DATE: WEDNESDAY, February 1, 1995                   TAG: 9502010044
SECTION: VIRGINIA                    PAGE: C-5   EDITION: STATE 
SOURCE: Associated Press
DATELINE: CHARLOTTESVILLE                                LENGTH: Medium


SIGHTS EASIER TO SEE IN 1994 AT SHENANDOAH NATIONAL PARK

Visibility at Shenandoah National Park was slightly better last year than in 1993, but ozone pollution worsened, park officials said.

The number of good-visibility days from May through October increased 7 percent from 1993 to 1994, Julie Thomas, the park's air quality program manager, said Monday.

A good-visibility day is when visitors can see more than 30 miles; fair visibility is between 11 and 30 miles; and poor is zero to 10 miles.

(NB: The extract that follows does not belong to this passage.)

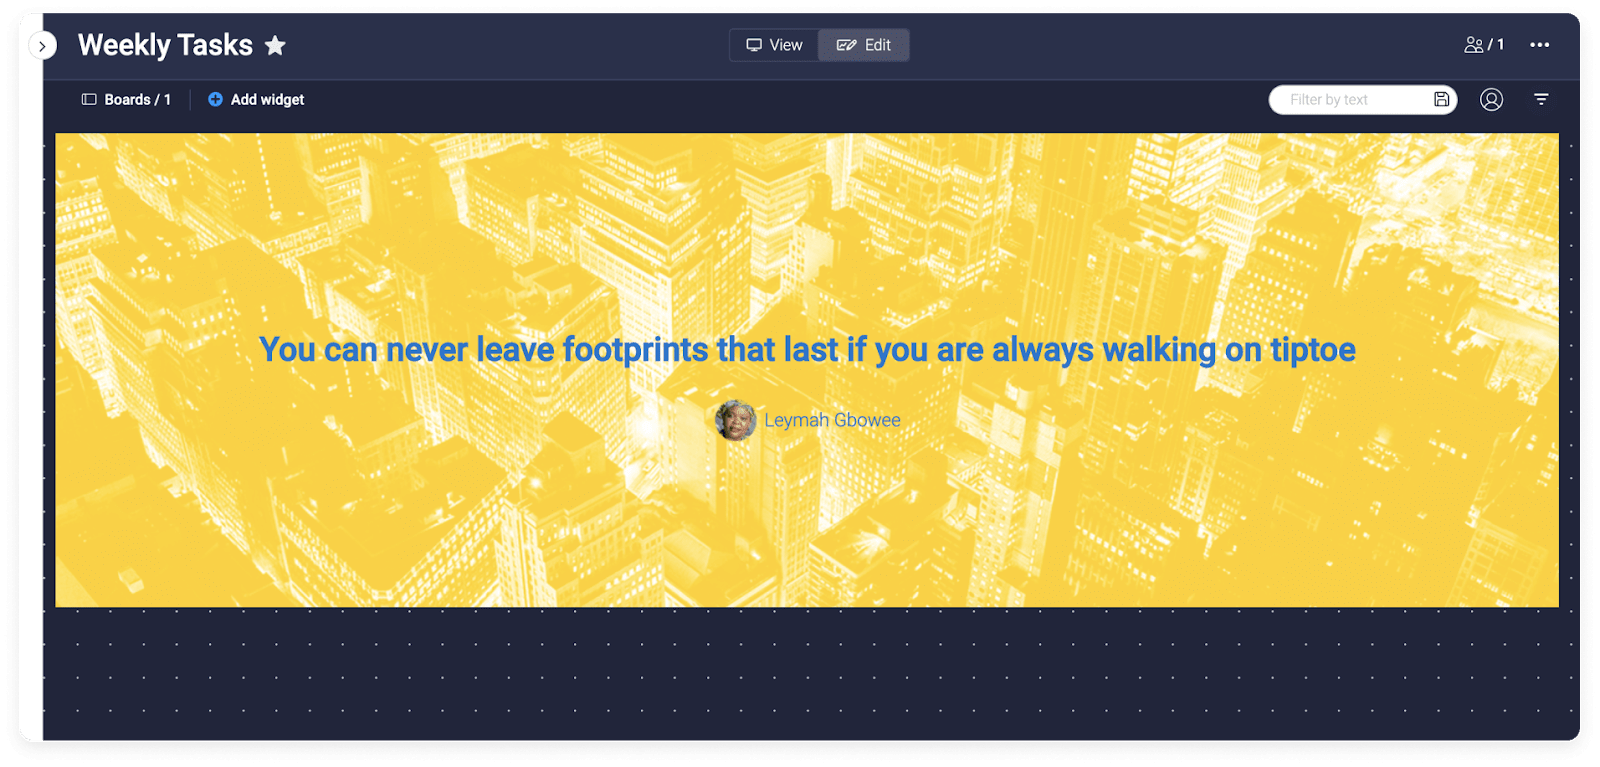 monday.com's quote of the day widget example

In 1994, 23 percent of the days monitored were good, 38 percent offered fair visibility, and 32 percent were poor. The remaining days were classified as foggy. In 1993, the numbers were: good, 16 percent; fair, 41 percent; poor, 36 percent; and foggy, 7 percent.

Air quality specialists are studying the data to determine why 1994 offered better views than 1993.

``It could be a really good trend, and that's what we want to find out,'' Thomas said. ``It could be just that the weather patterns were coming from clean-air areas, or it could be that there really are fewer sulfates in the air.''

The haze that often plagues the park is generally thought to be made up of pollutants emitted by power stations and industrial smokestacks hundreds of miles to the west and from local sources such as cars.

Among national parks, Shenandoah's pollution is the worst, in part because about 2 million visitors drive the scenic Skyline Drive through the mountains each year, park officials say.

As for ozone pollution trends, Thomas said park scientists have not yet studied the raw data to determine why there continues to be so much ground-level ozone.

Tropospheric ozone, or ozone in the atmosphere near the Earth's surface, is a gas formed by the reaction of nitrogen oxides with byproducts from burning fossil fuels, such as coal.

Thomas said 1994 saw more days with moderate levels of ozone and fewer days with low levels of ozone than in the three previous years.

``We really don't know why,'' she said.